Choirfish Tune Identification

(Last updated: 2003-12-16)

Project Members

Goals

To develop a program capable of indexing monophonic source sounds and recognising them when they are reproduced by a human (whistling). By monophonic we mean that only one note is played simultaneously, not that the tone contains only one frequency.
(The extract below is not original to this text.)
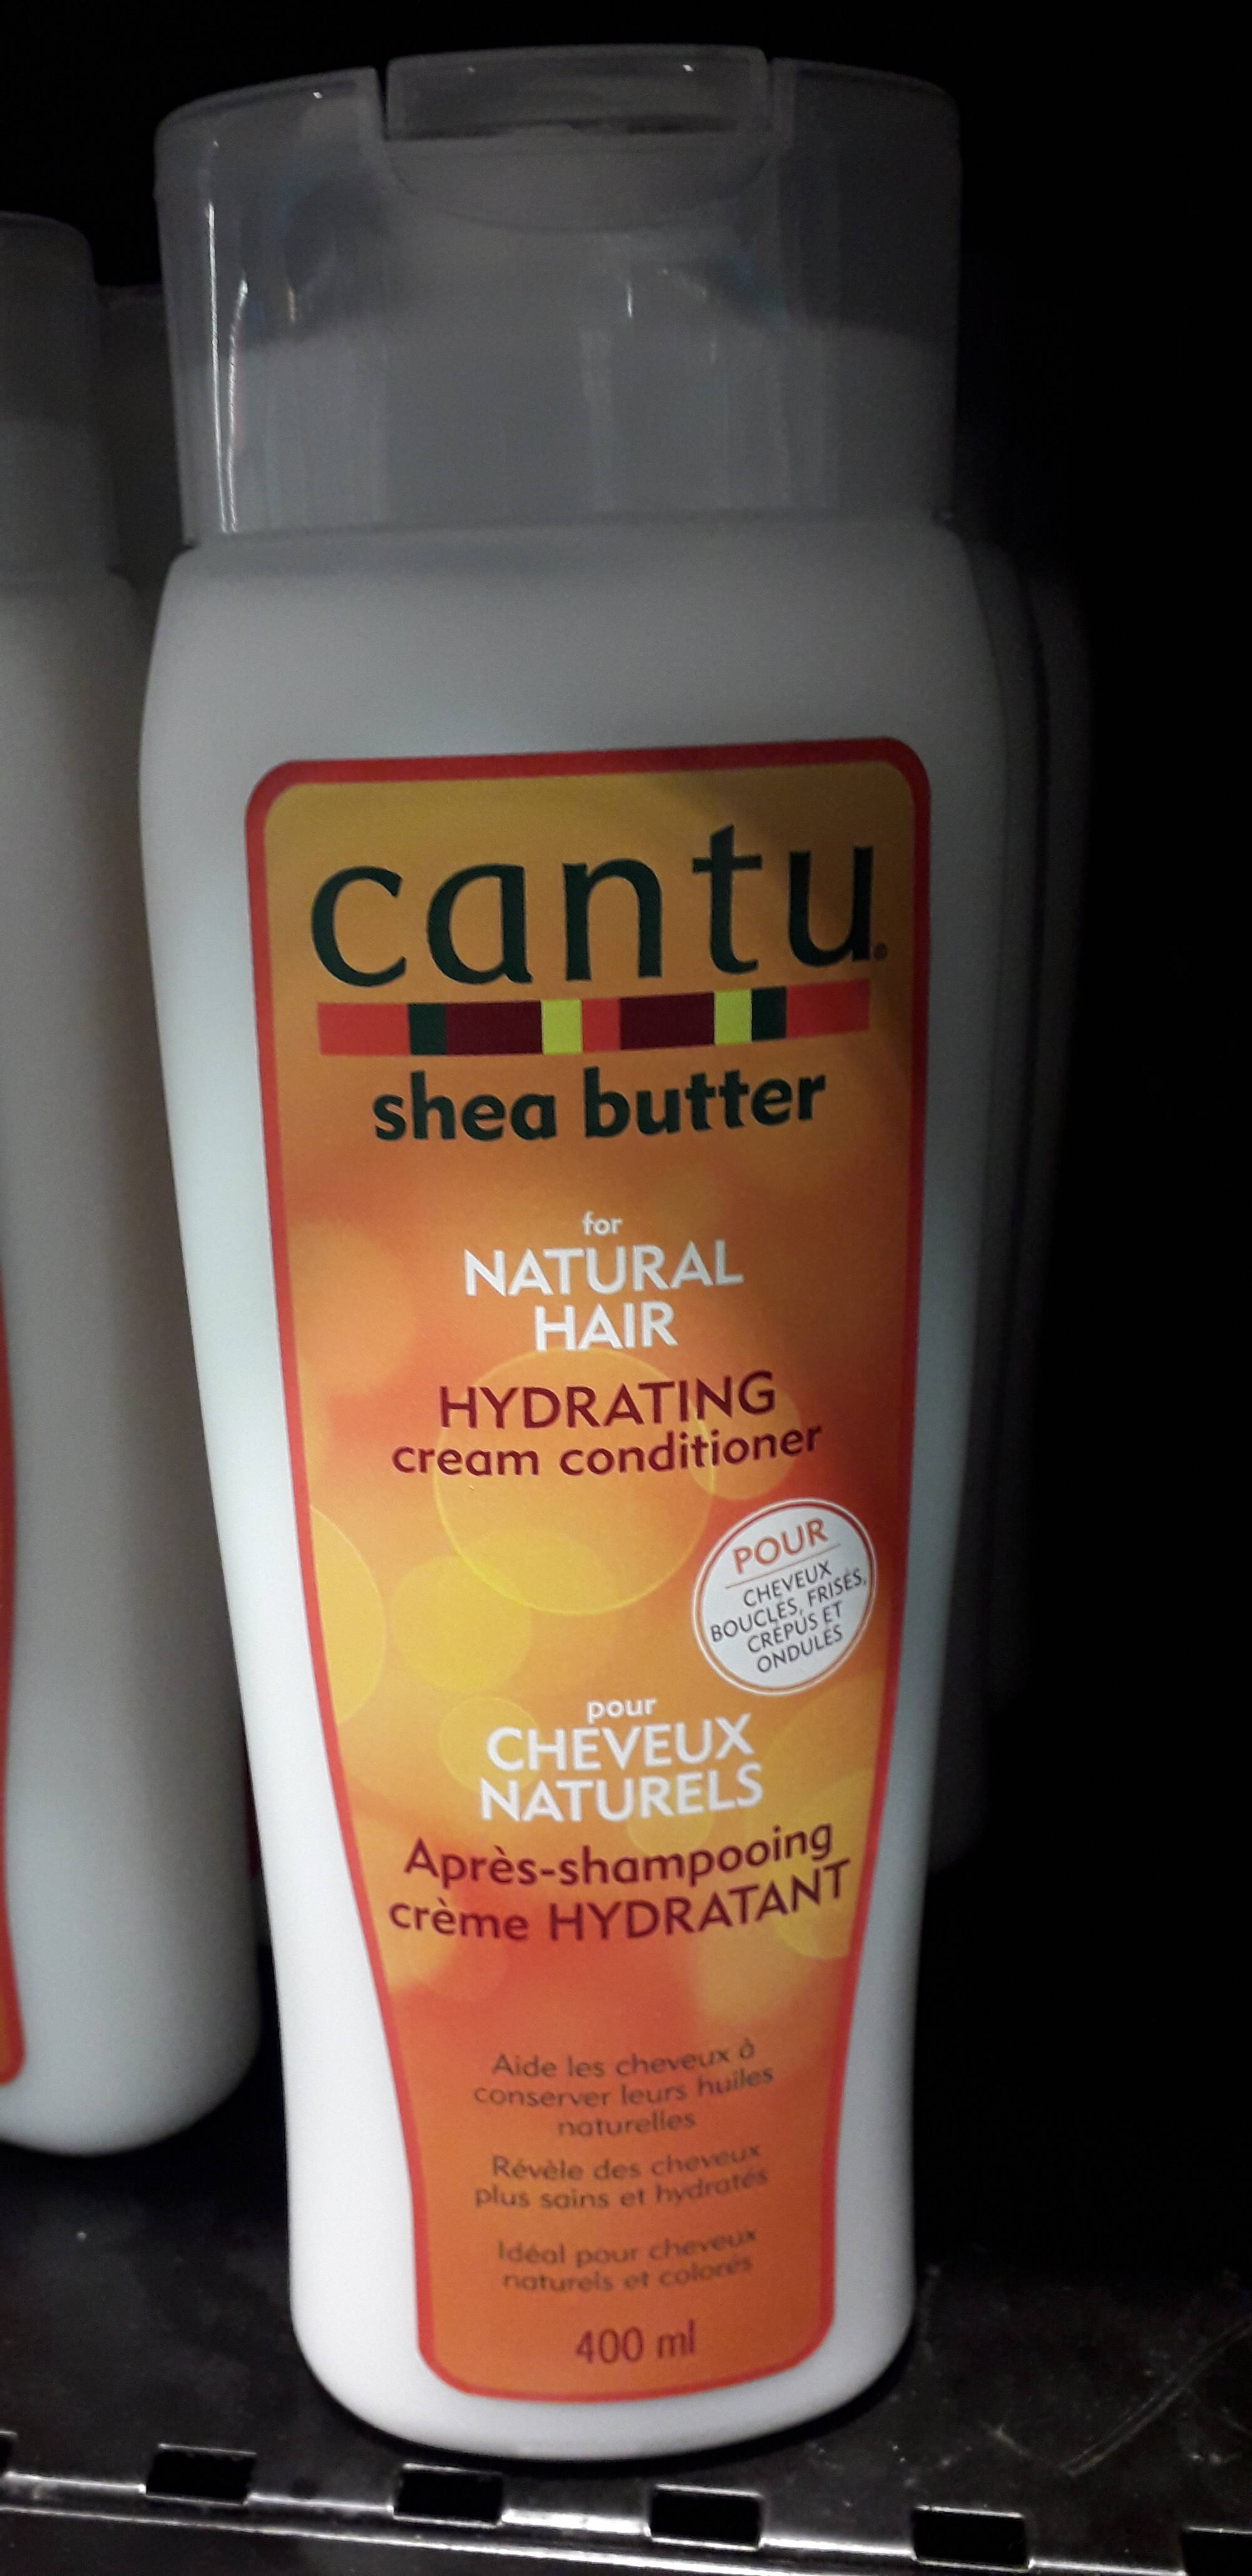 CANTU - Cheveux naturels - Après-shampooing hydratant

If at all possible, we would like to investigate the possibility of indexing music files (MP3) with polyphonic information.

Abstract

The ChoirFish application will record whistled input, perform fourier analysis to get pitch information, use that to generate a Parsons Code (see references), and search against a database to determine the most likely song. ChoirFish is a Windows GUI application implemented using MFC7.1. It's basic functionality mimics the TuneServer desribed in the article under references, although the implementation is all our own.

Introduction

One of the main problems you have to deal with is inaccuracy of the input data. People don't whistle a song exactly as it is. They can be out of key, out of tune, use the wrong rhythm, shift keys during whistling, etc. etc.

This means a method has to be found to reliably deal with these problems, while at the same time sufficiently narrowing down the possible result space.

Existing work that has been done in this area includes the so-called "Parsons codes", a system that looks only at transitions between notes, disregarding rhythm and melody altogether.

Design

Initially, we plan to implement a system using Parsons Codes and evaluate it's performance. When we have a working system, we will see if we can improve on it's design.

Designing the Data Layer

NOTE: Actually just getting it working proved much more work than anticipated. The article is very vague on some parts of the design and even more so the implementation, so we had to negotiate some troubles ourselves. Therefore we have not been able to make any real improvements to the approach. We will explore some possible avenues for improvements in our final report however.

Implementation

We will implement our solution in C++. We will use Microsoft Visual Studio .Net 2003 as our main development platform.

Experimentation

So far we have experimented with several whistling styles; differing in speed, clarity, etc. One of the first conclusions we have drawn is that the more discrete you whistle, the better the recognition; tremolos or pitch slides can aversely affect the performance, as it is very difficult to determine how many Us or Ds this would need to represent in our database, so we cannot really account for it. This is of course no real surprise.

We found the 1.03 frequency ratio for seperating notes by pitch to be a bit on the low side, it was very difficult to get an R in the Parsons Codes, especially in the lower frequencies. 1.05 seems to work a little better. One of the problems is that it's very difficult to stay at the same pitch when whistling a single note. We might be able to solve this by requiring an abrupt change: when the pitch of the note changes (but stays under the 1.03 ratio) we currently keep the first observed pitch to compare other changes with. If we however start using this new pitch, we could possibly prevent gradual decreasing or increasing frequencies from being seen as a new note.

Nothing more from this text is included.